* **WHAT TO PRODUCE**:
Each line of the data must reappear exactly in your answer, with no images included.
(Beginning of DATA SHOWN)
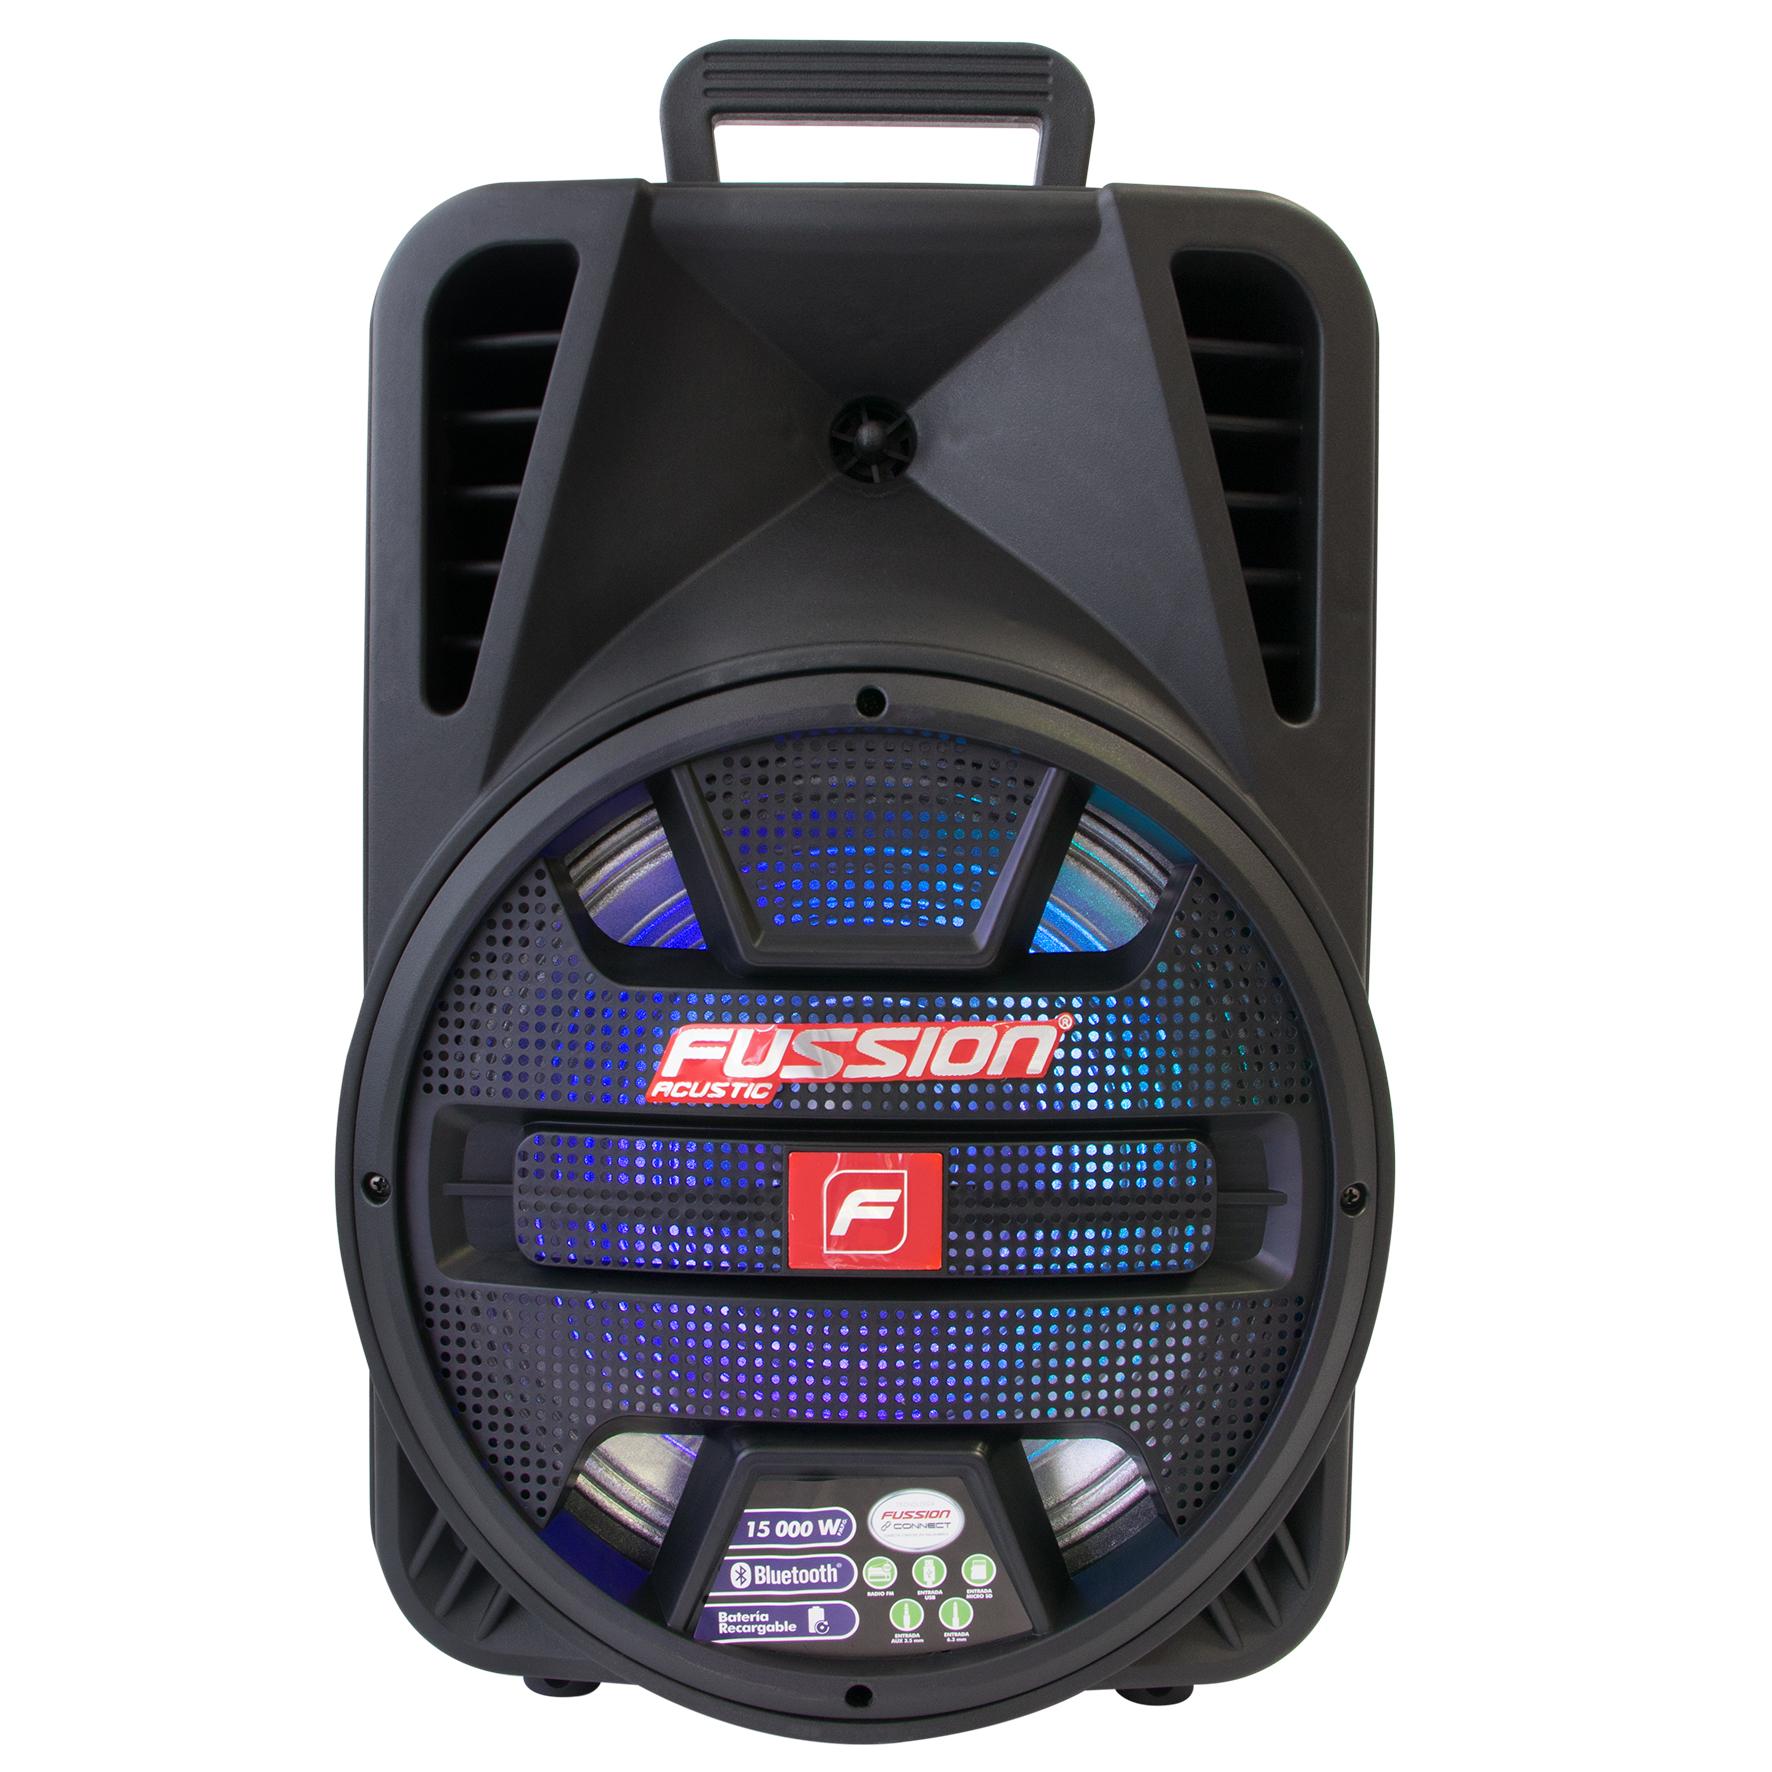 """Imagen de BAFLE AMPLIFICADO 12"""" 15 000 W PMPO/TWS/RECARGABLE/BT/FM/USB/MICRO SD/AUX/6.3 mm/LUZ LED"""
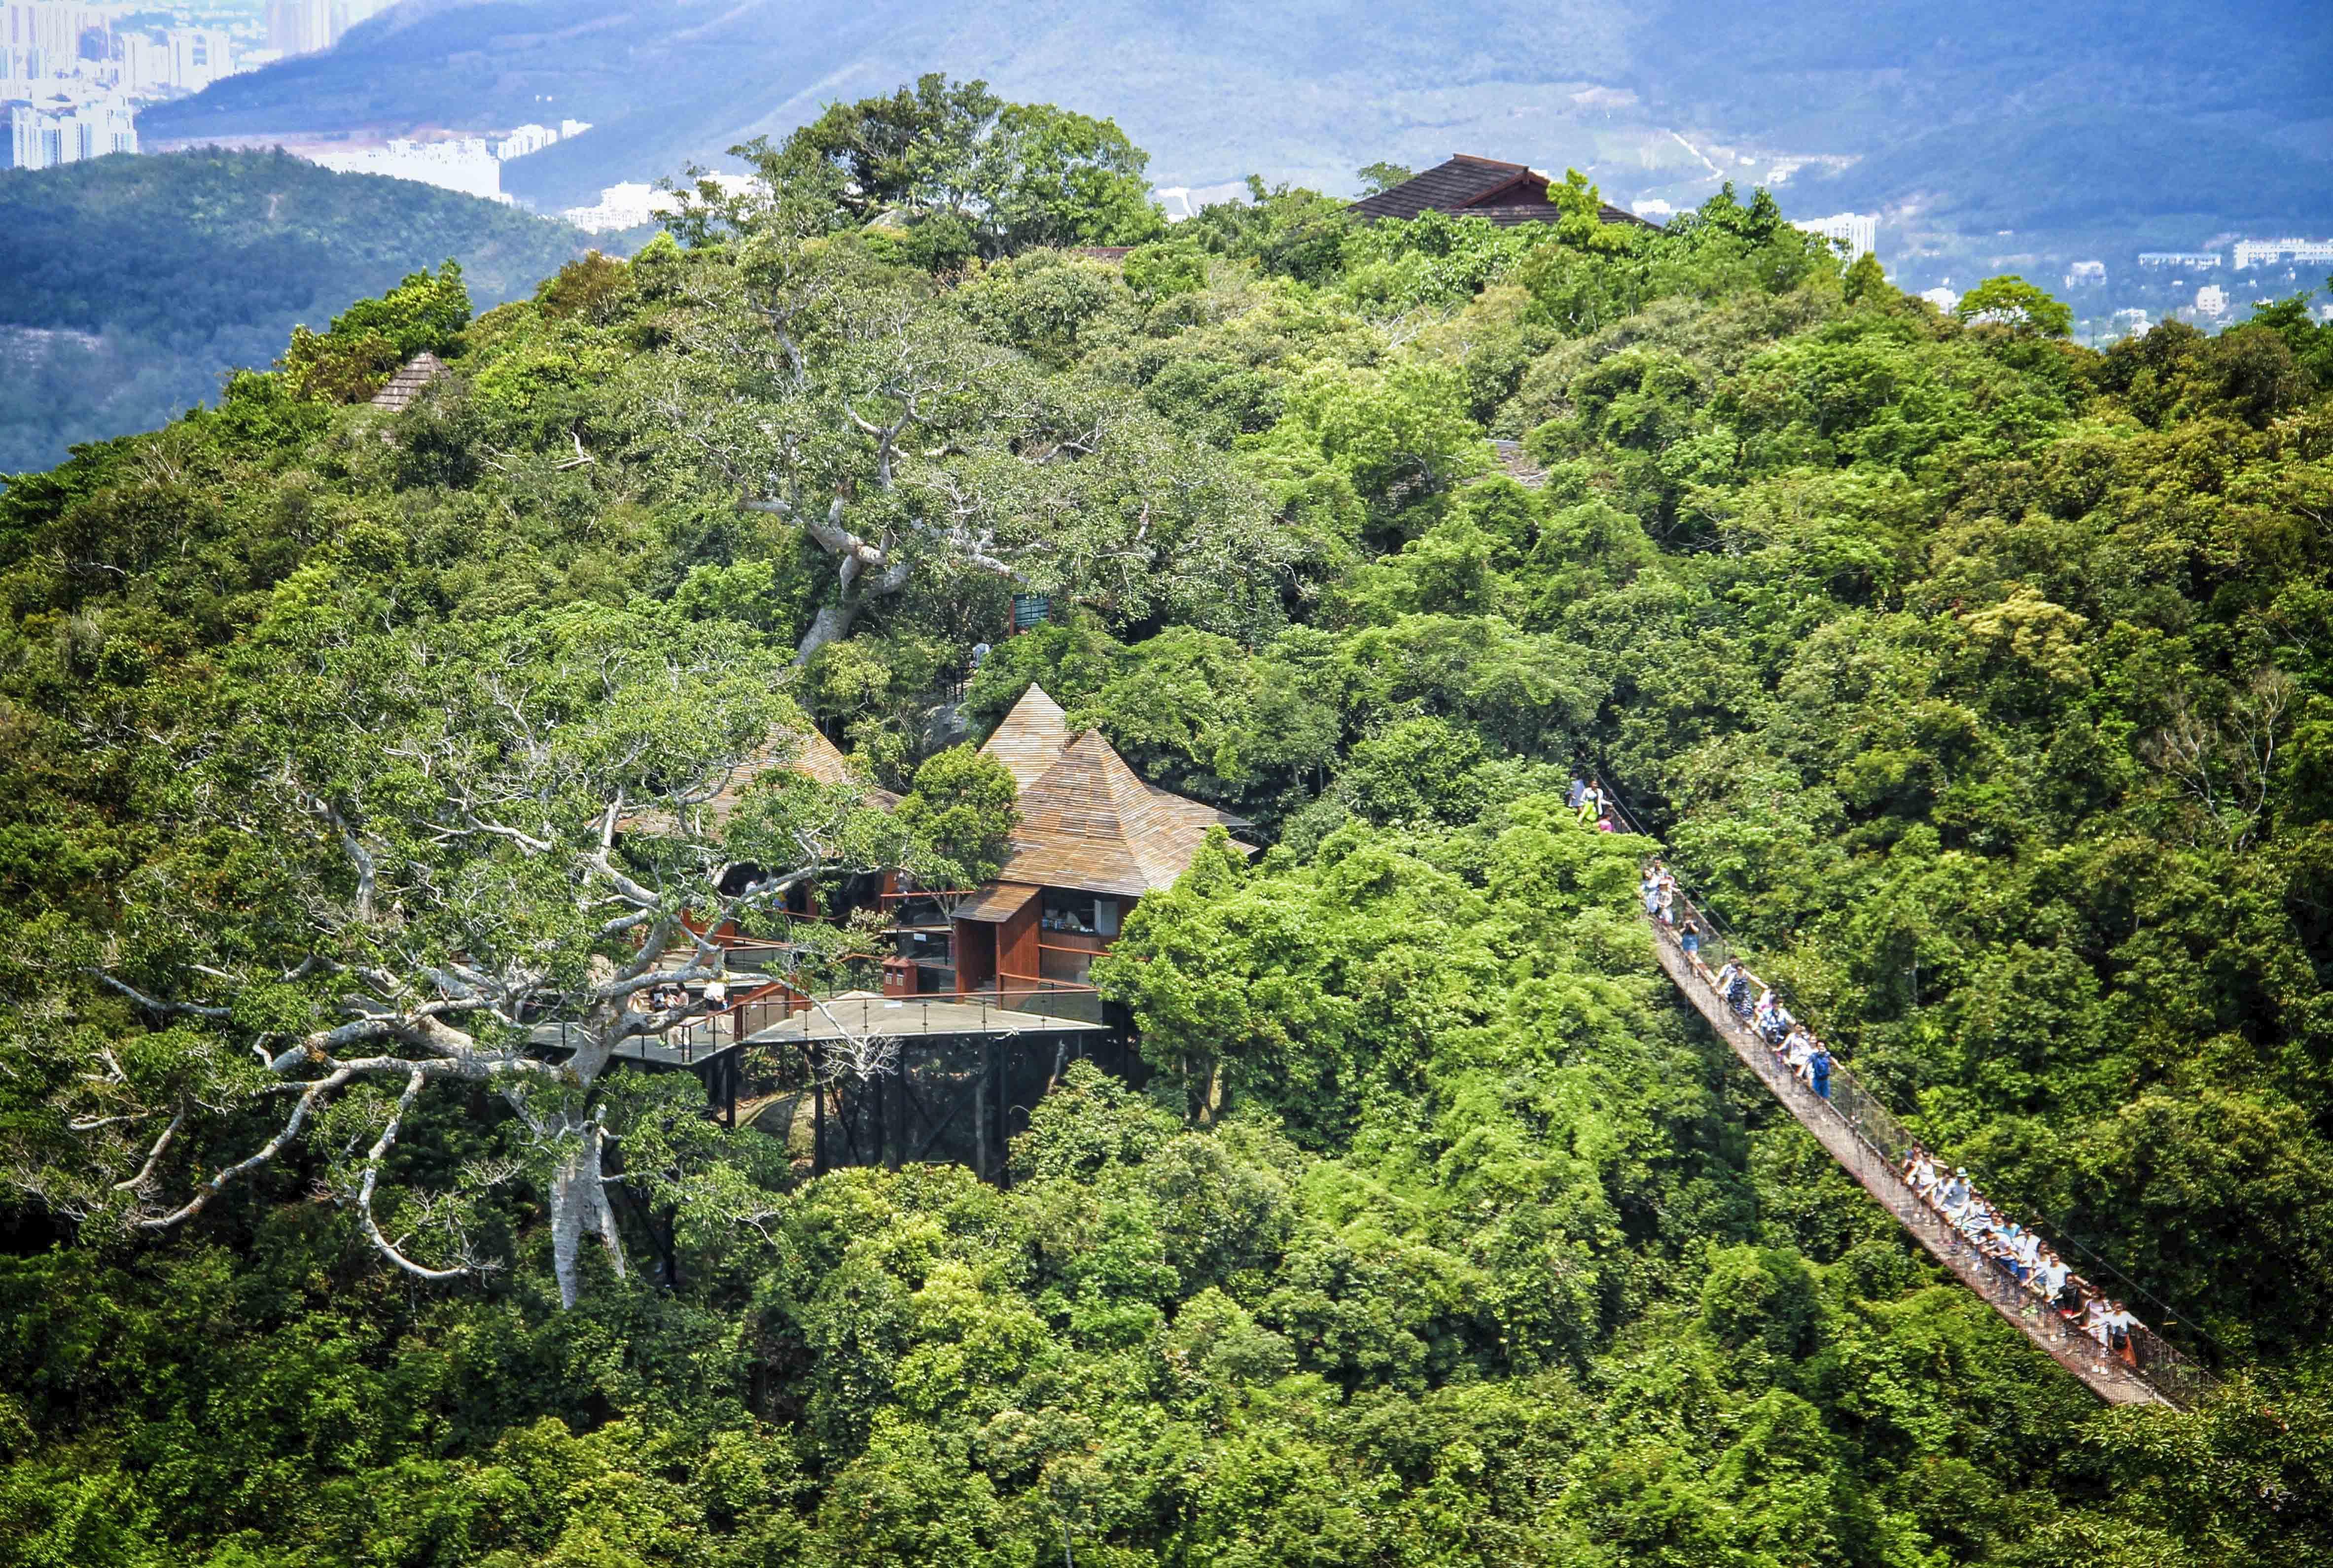 三亚的热门景点很多,最著名的有《非诚勿扰2》取景地亚龙湾热带森林公图片
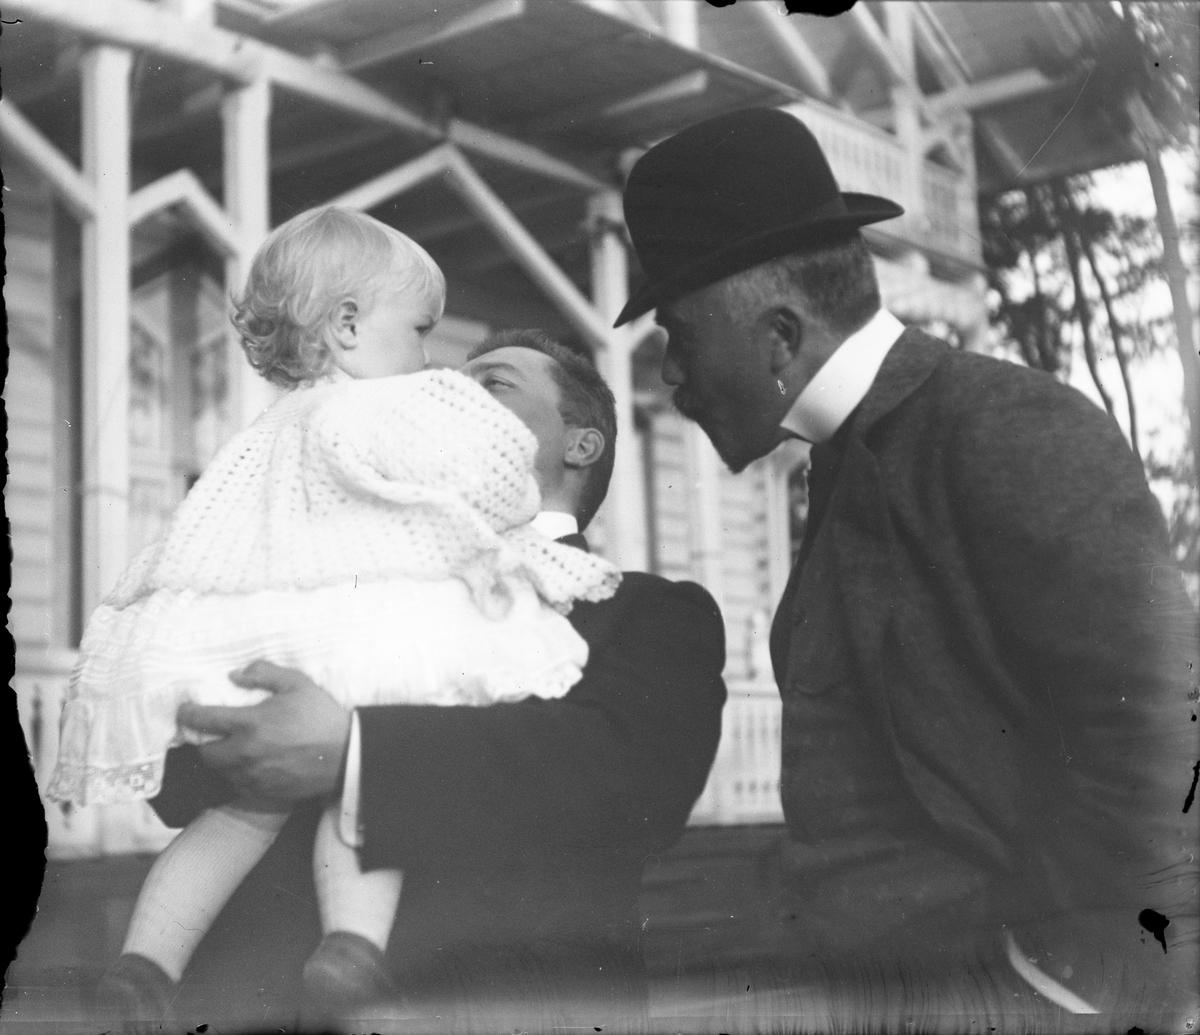 Arthur Knagenhjelm snakker med sin nevø Iakob, mens far Christian Pierre Mathiesen holder Iacob på armen.
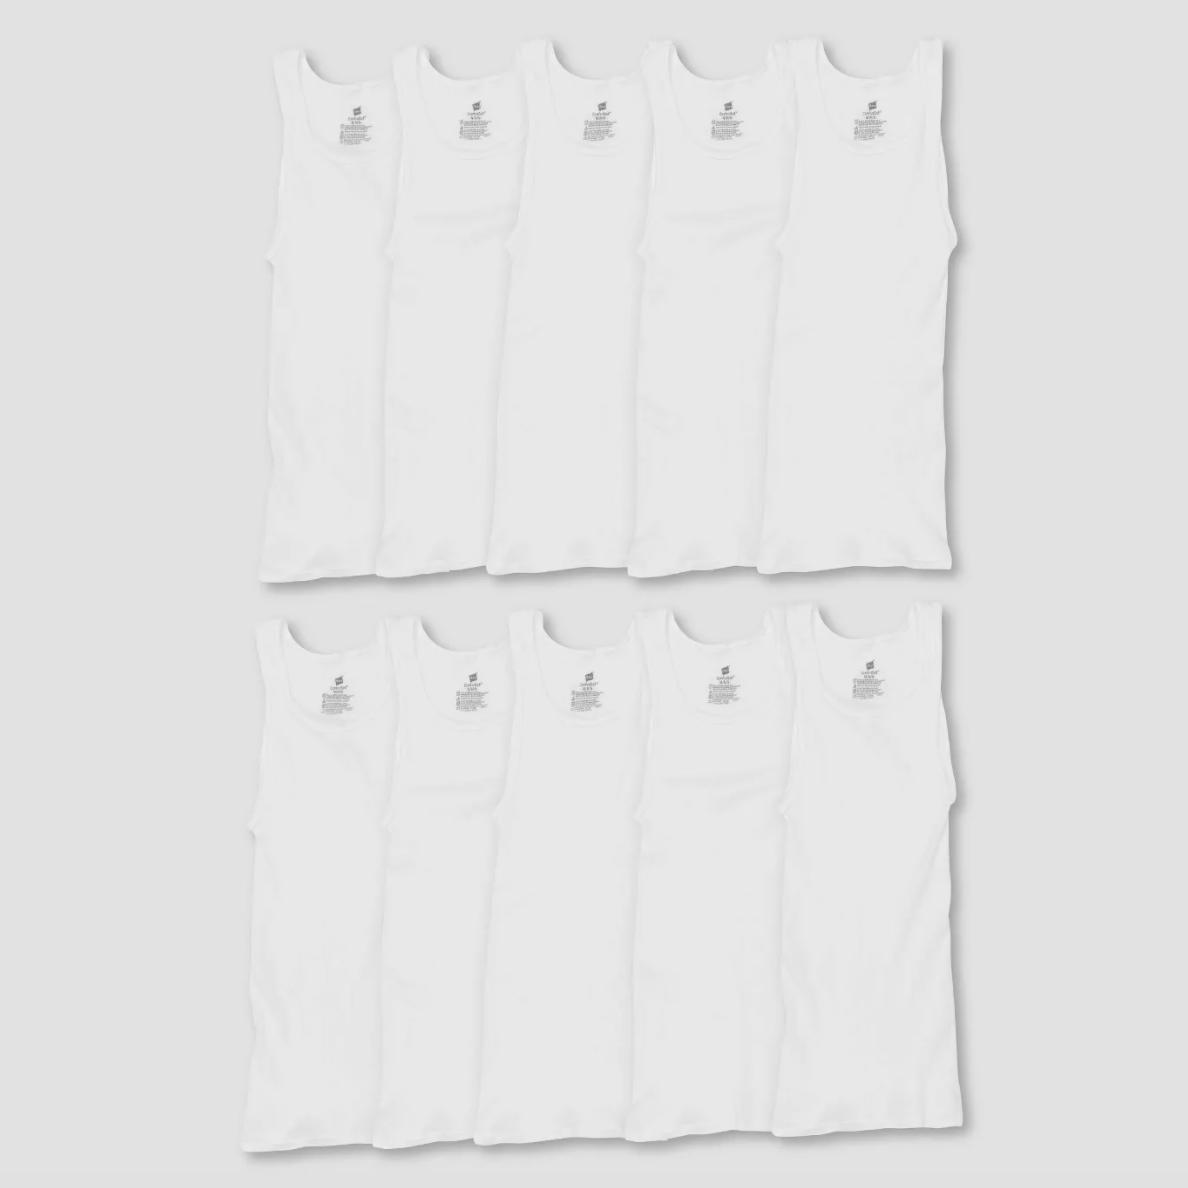 Men's Comfort Soft Super Value 10pk Tank Top
(End of DATA SHOWN)
* **COMPLETED TASK**:
 """Imagen de BAFLE AMPLIFICADO 12"""" 15 000 W PMPO/TWS/RECARGABLE/BT/FM/USB/MICRO SD/AUX/6.3 mm/LUZ LED"""
 三亚的热门景点很多,最著名的有《非诚勿扰2》取景地亚龙湾热带森林公图片
 Arthur Knagenhjelm snakker med sin nevø Iakob, mens far Christian Pierre Mathiesen holder Iacob på armen.
 Men's Comfort Soft Super Value 10pk Tank Top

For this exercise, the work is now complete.